The premises, so unexpectedly and unwillingly abandoned by its late obese tenant, harbored, besides herself, only one living creature—a fat kitten.

The ferry house stood above the dangerous south bank of the river in a grove of oaks, surrounded for miles by open country.

A flight of rickety, wooden stairs pitched downward from the edge of the grassy bank to a wharf at the water’s edge—the mere skeleton of a wharf now, outlined only by decaying stringpieces. But here the patched-up punt was moored; and above it, nailed to a dead tree, the sign with its huge lettering still remained:

RED FERRY
HOLLER TWICE

sufficiently distinct to be deciphered from the opposite shore. Sooner or later the fugitive would have to come to the river. Probably the cavalry would catch him at one of the fords, or some rifleman might shoot him swimming. But, if he did not know the fords, and could not swim, there was only one ferry for him; east, west, and north he had long since been walled in. The chances were that some night a cock-o’-the-pines would squeal from the woods across the river, and then she knew what to do.

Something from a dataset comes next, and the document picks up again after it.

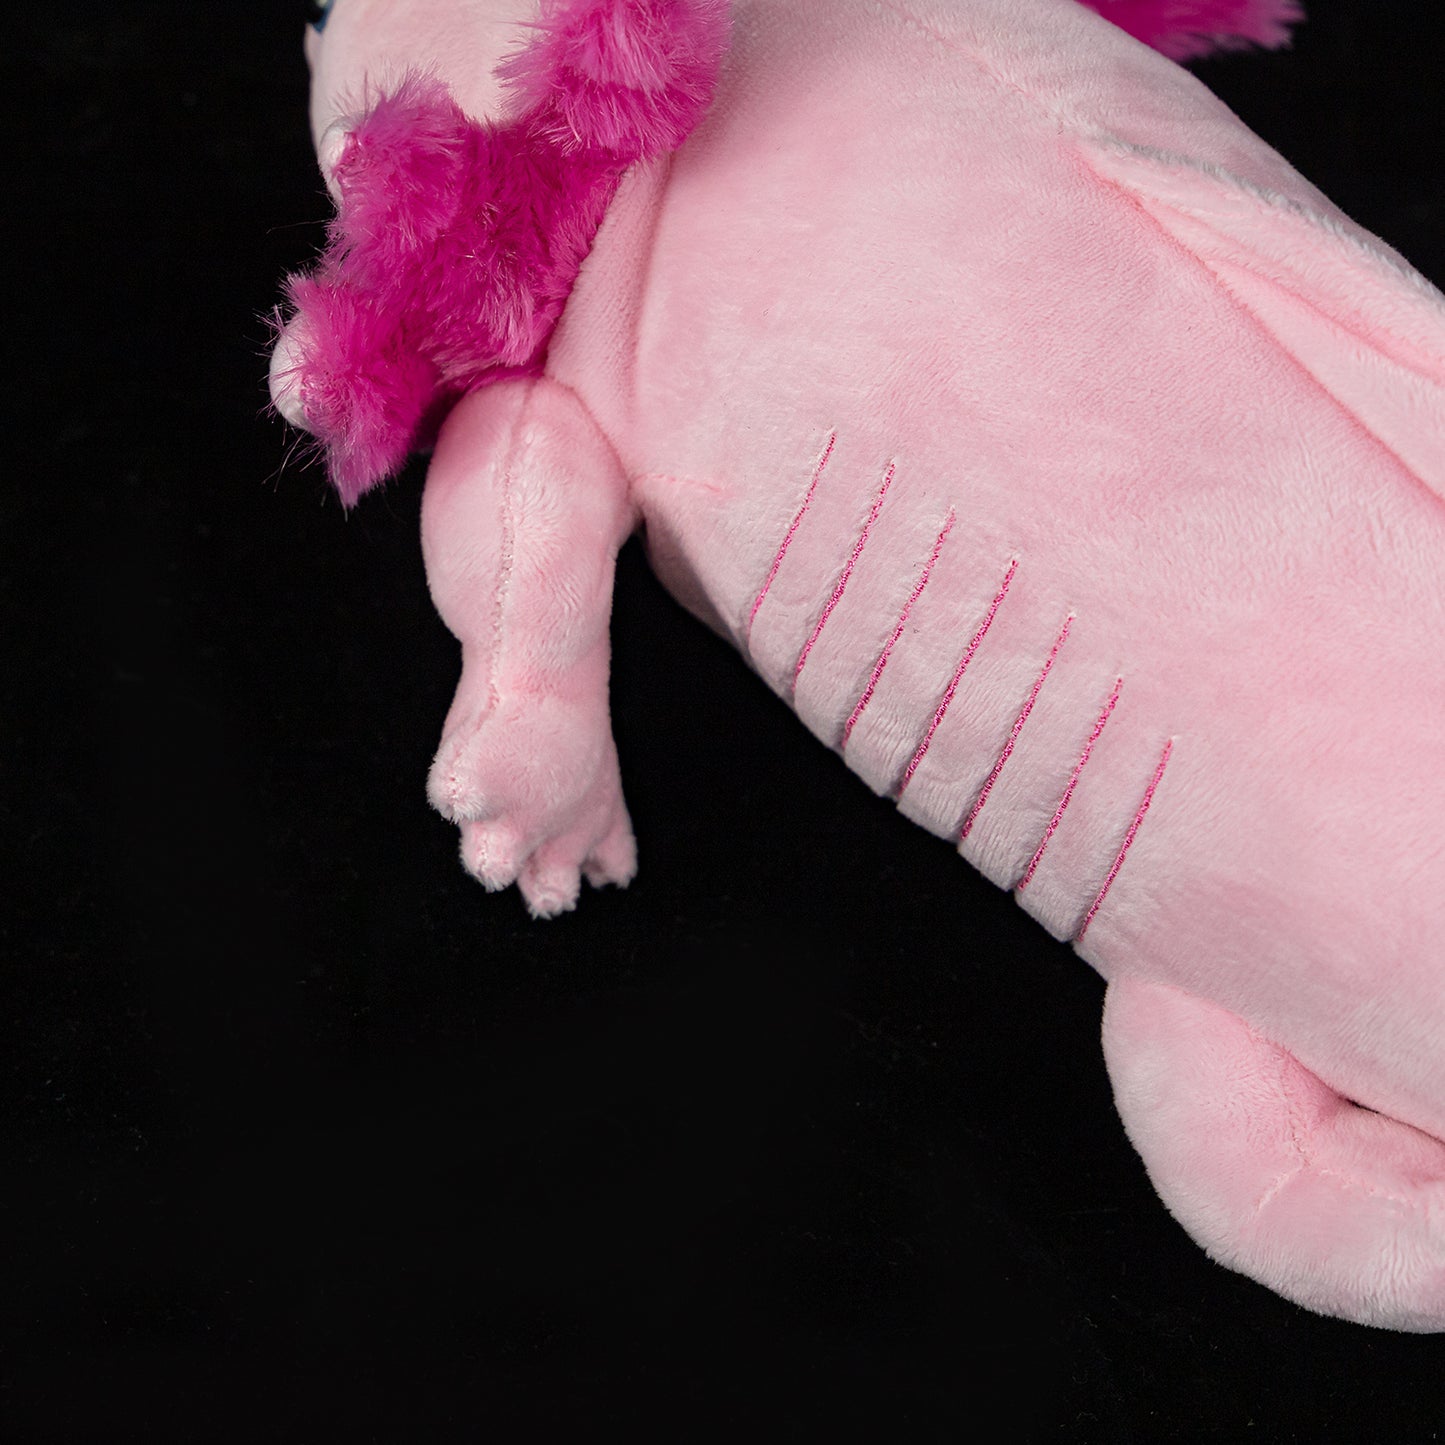 Rosa Axolotl mjuk plyschleksak

During those broiling days of waiting she had leisure enough. Seated outside her shanty, in the shade of the trees, where she was able to keep watch both ways—south for her own safety’s sake, north for the doomed man—she occupied herself with mending stockings and underwear, raising her eyes at intervals to sweep the landscape.

Nobody came into that heated desolation; neither voice nor gunshot echoed far or near. Day after day the foliage of the trees spread motionless under cloudless skies; day after day the oily river slipped between red mud banks in heated silence. In sky, on earth, nothing stirred except, at intervals, some buzzard turning, high in the blinding blue; below, all was deathly motionless, save when a clotted cake of red clay let go, sliding greasily into the current. At dawn the sun struck the half-stunned world insensible once more; no birds stirred even at sunset; all the little creatures of the field seemed dead; her kitten panted in its slumbers.

Every night the river fog shrouded the land, wetting the parched leaves; dew drummed on the rotting porch like the steady patter of picket-firing; the widow bird’s distracted mourning filled the silence; the kitten crept to its food, ate indifferently, then, settling on the Messenger’s knees, stared, round-eyed, at the dark. But always at dawn the sun burned off the mist, rising in stupefying splendor; the oily river glided on; not a leaf moved, not a creature. And the kitten slept on the porch, heedless of inviting grass stems whisked for her and the ball of silk rolled past her in temptation.

Half lying there, propped against a tree trunk in the heated shade, cotton bodice open, sleeves rolled to the shoulders, the Special Messenger mended her linen with languid fingers. Perspiration powdered her silky skin from brow to breast, from finger to elbow, shimmering like dew when she moved. Her dark hair fell, unbound; glossy tendrils of it curled on her shoulders, framing a face in which nothing as yet had extinguished the soft loveliness of youth.

At times she talked to the kitten under her breath; sometimes hummed an old song. Memories kept her busy, too, at moments quenching the brightness of her eyes, at moments twitching the edges of her vivid lips till the dreamy smile transfigured her.